SANTIAGO – More than 1.5 million people have received at least one COVID-19 vaccine dose in Chile since a mass rollout began on Feb. 3.
Those inoculation efforts make that country the undisputed leader in that category in Latin America and have earned it widespread praise globally.
“Mass vaccination is the hope for getting our lives back and embracing our loved ones,” Chilean President Sebastian Piñera, 71, said Friday after receiving the first dose of the vaccine developed by Chinese biopharmaceutical company Sinovac Biotech in the southern town of Futrono, where he is currently vacationing.
A total of 748,417 adults 73 years or older received the vaccine through Thursday, with the remaining recipients being health care personnel. Six out of 10 people vaccinated thus far in that country of 19 million inhabitants have been women.
The small town of Laguna Blanca in Chile’s far south leads the way with 83.6 percent of the population vaccinated, while the nearby southern town of Rio Verde is next at 49.2 percent.
“This vaccine is safe. It’s effective. And we’ve made an enormous effort,” said the conservative head of state, whose management of the pandemic was called into question a few months ago.
Chile, which began vaccinating health workers at intensive care units on Dec. 24 and kicked off its mass inoculation campaign last week serving people 90 years and older, has administered 5.58 vaccine doses per 100 inhabitants, according to figures through Feb. 10 from the University of Oxford’s Our World in Data website.
That figure far exceeds the global average – 1.9 doses per 100 inhabitants – and also surpasses the rates in Brazil (1.94 doses per 100), Argentina (1.18) and Mexico (0.56).
The United States is the leader in the Americas with 13.53 doses per 100 inhabitants, while Israel tops the global rankings with 69.46 doses per 100 inhabitants, according to that website.
“The number of vaccines that are being (administered) daily in Chile is absolutely an (outstanding) achievement and helps combat the anti-vaccine movement. On Thursday alone, 221,459 doses were injected,” Claudio Castillo, a public health expert at Universidad de Santiago de Chile, told EFE.
The Chilean government’s goal is to inoculate the at-risk population of nearly 5 million people – including people 65 and older, the chronically ill, health care personnel, security forces and critical workforce employees – by the end of the first quarter and to have 80 percent of the total population vaccinated by June.

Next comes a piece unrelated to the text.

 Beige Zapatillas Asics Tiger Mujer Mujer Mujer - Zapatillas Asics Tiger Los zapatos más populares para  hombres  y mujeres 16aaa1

Experts say there have been two keys to the speed of Chile’s free and voluntary vaccine rollout: its skill in negotiating the purchase of a large number of vaccine doses and an extensive, nationwide primary care network that had also facilitated previous successful campaigns, including a polio vaccine deployment in 1961.
Chile moved quickly – and without any geopolitical constraints – in negotiating vaccine purchases, a strategy that has enabled the country to receive nearly 4 million doses of Sinovac’s vaccine to date.
“The Chinese vaccine is not yet very (widely distributed). It’s mainly in China, Indonesia, Turkey and Brazil. Now, more countries are being added, but at first it didn’t have that … seal of approval that Pfizer’s (vaccine) had. Chile’s strategy of diversifying contracts was very good,” Castillo said.
Chile, which also has approved Pfizer’s and AstraZeneca’s vaccines and is studying others developed by Russia’s Gamaleya Research Institute of Epidemiology and Microbiology and Janssen Vaccines (Johnson & Johnson), has agreements in place for more than 35 million doses from different laboratories and others obtained through the Covax mechanism, a World Health Organization (WHO)-led effort that aims to ensure that low- and middle-income countries have access to coronavirus vaccines.
“The main challenge for a country like Chile, which has ideal logistical conditions, is having sufficient stock,” said Cristobal Cuadrado, a scholar at Universidad de Chile’s School of Public Health.
A further test will come in a few weeks when flu shots begin to be administered in the Southern Hemisphere, since people will need to wait at least two weeks between that vaccine and their second dose of the COVID-19 vaccine, he said.
Since the start of the pandemic, there have been around 765,000 confirmed cases and roughly 19,200 deaths attributed to COVID-19 in Chile, which is currently battling a second coronavirus wave.